Tuesday, June 21, 2016

Running Kafka Producers and Consumers in Secured Environment

Apache Kafka allows to run in secured mode using Kerberos Authentication.
To run Kafka producers and consumers, we need follow to the following steps:

Step 1. created a properties file say kafka.properties to add the following lines:

security.protocol=SASL_PLAINTEXT
sasl.kerberos.service.name=kafka

Step 2. Created a file say kafka.jaas to add the authentication details:

KafkaClient {
com.sun.security.auth.module.Krb5LoginModule required
useTicketCache=true;
};

Step 3. Added kafka.jaas file to the Kafka environment i.e., using KAFKA_OPTS environment variable in shell (both producer and consumer):

export KAFKA_OPTS="-Djava.security.auth.login.config=/path/to/kafka.jaas.conf"

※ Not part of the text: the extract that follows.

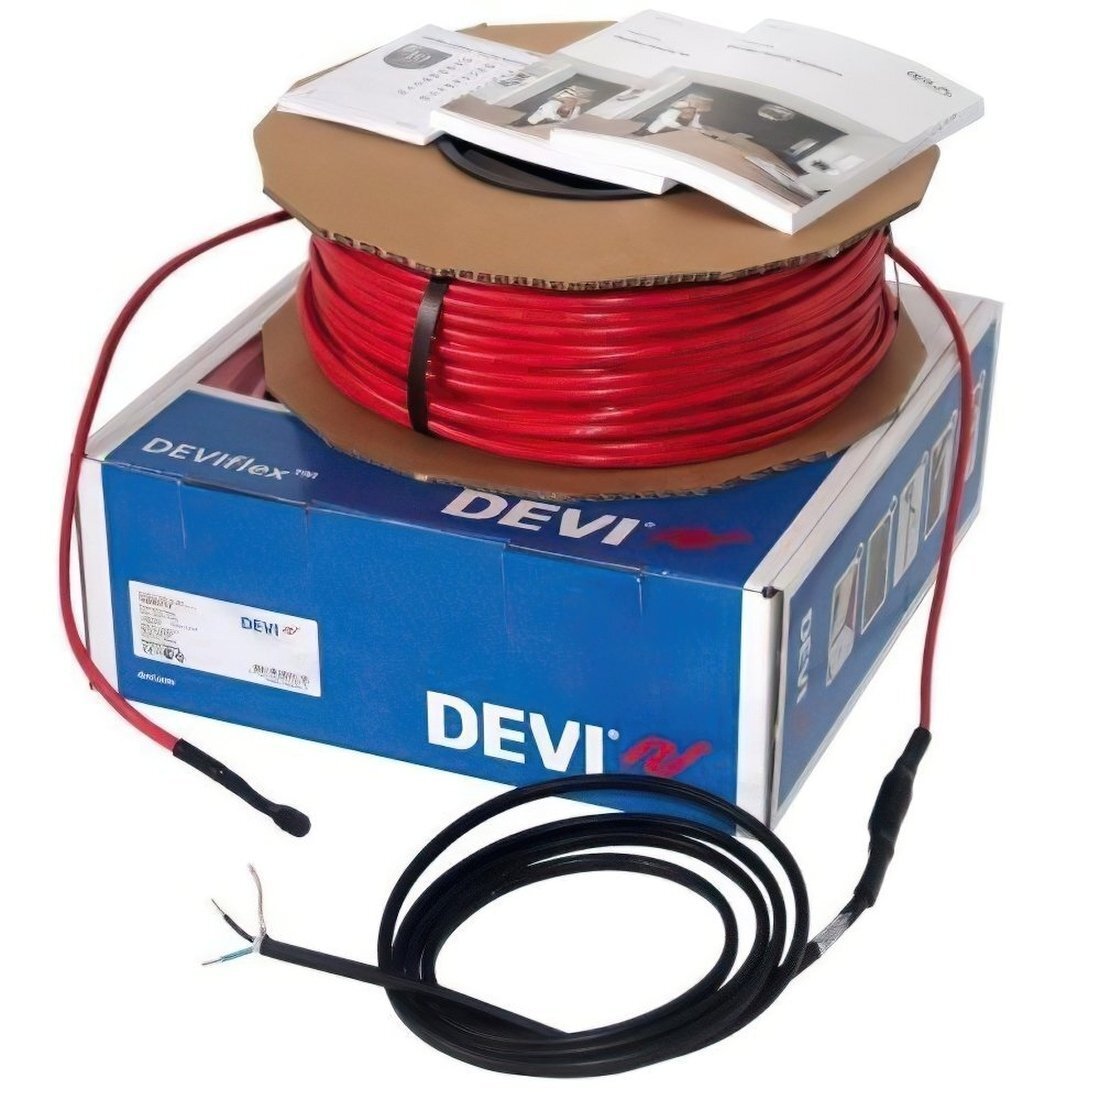 Теплый пол DEVI Flex двухжильный нагревательный кабель 18T, 935 Вт, 230V, 52 м (140F1243) фото

Step 4: Started a kafka-console-producer:

kafka-console-producer --brokers0list <brokers list> --topic <topic Name> --producer.config kafka.properties

Step 5: Started a kafka-console-consumer:

kafka-console-consumer --bootstrap-server <brokers list> --topic <topic Name> --consumer.config kafka.properties --new-consumer

Step 6: Type some sample messages in the Producer console and check the messages are available in Consumer console.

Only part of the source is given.